In the early 1990s Kenya was forced to charge fees on public universities and government hospitals in order to meet IMF/World Bank conditions.

Alternatives for Kenya

Amid public outcry and the resultant spike in cost of living, the VAT on petroleum products contained in Finance 2018 is economically and politically explosive.

But does the government have options to fill in the Sh70B hole likely to be punched in the budget if the VAT law is postponed? There are alternatives.

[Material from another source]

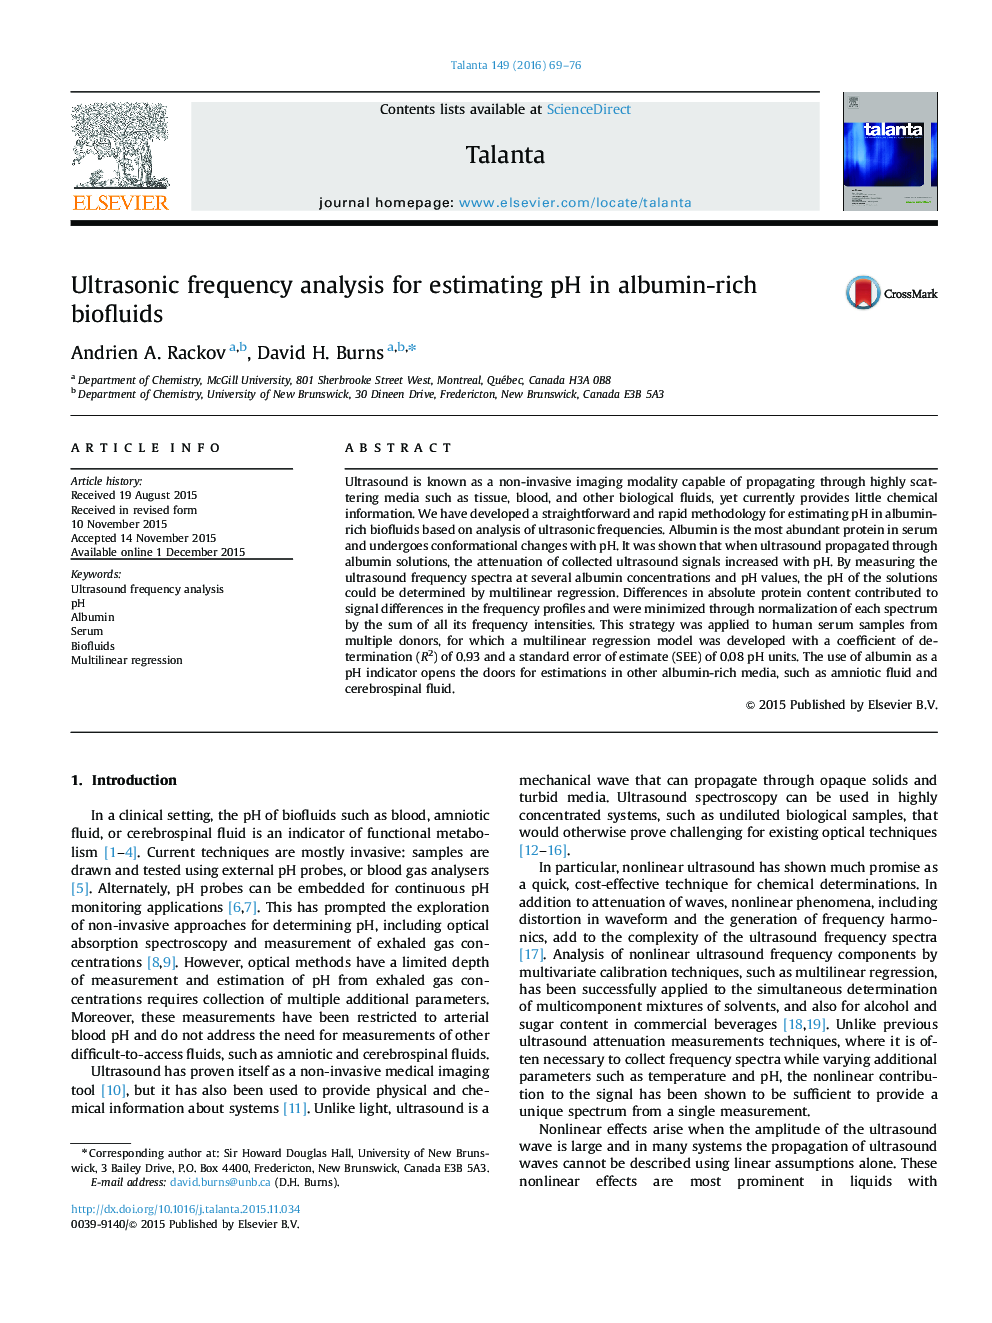 Ultrasonic frequency analysis for estimating pH in albumin-rich biofluids

Sealing leakages of corruption

The government can seal loopholes where public funds are siphoned through irregular payments. An instance is where taxpayers lost Sh3.3B in irregular land compensations by the National Lands Commission for the Standard Gauge Railway.

A fresh report making headlines has exposed another SGR compensation racket for land between Tuala and Ngong which has  pumped up to Sh15b while a fresh valuation puts the real cost at Sh7.5b.

Another glaring evidence of wastage and misappropriation is the controversial Sh1.5B Ruaraka land compensation. This list is inexhaustible. Remember the Sh10b National Youth Service Scandal?

Cutting down unnecessary cost

A recurring cost-cutting argument has been the reduction of salaries and perks for MPs who are paid close to a million shillings. The reasoning is that elected representatives are in office to serve but not to make money having demonstrated they are not poor going by the millions of shillings they use in their campaigns.

Tax collection efficiency

Kenya Revenue Authority can increase its efficiency. Just a month ago, the Standard reported that the KRA lost Sh100b in tax evasions for imported goods in six months.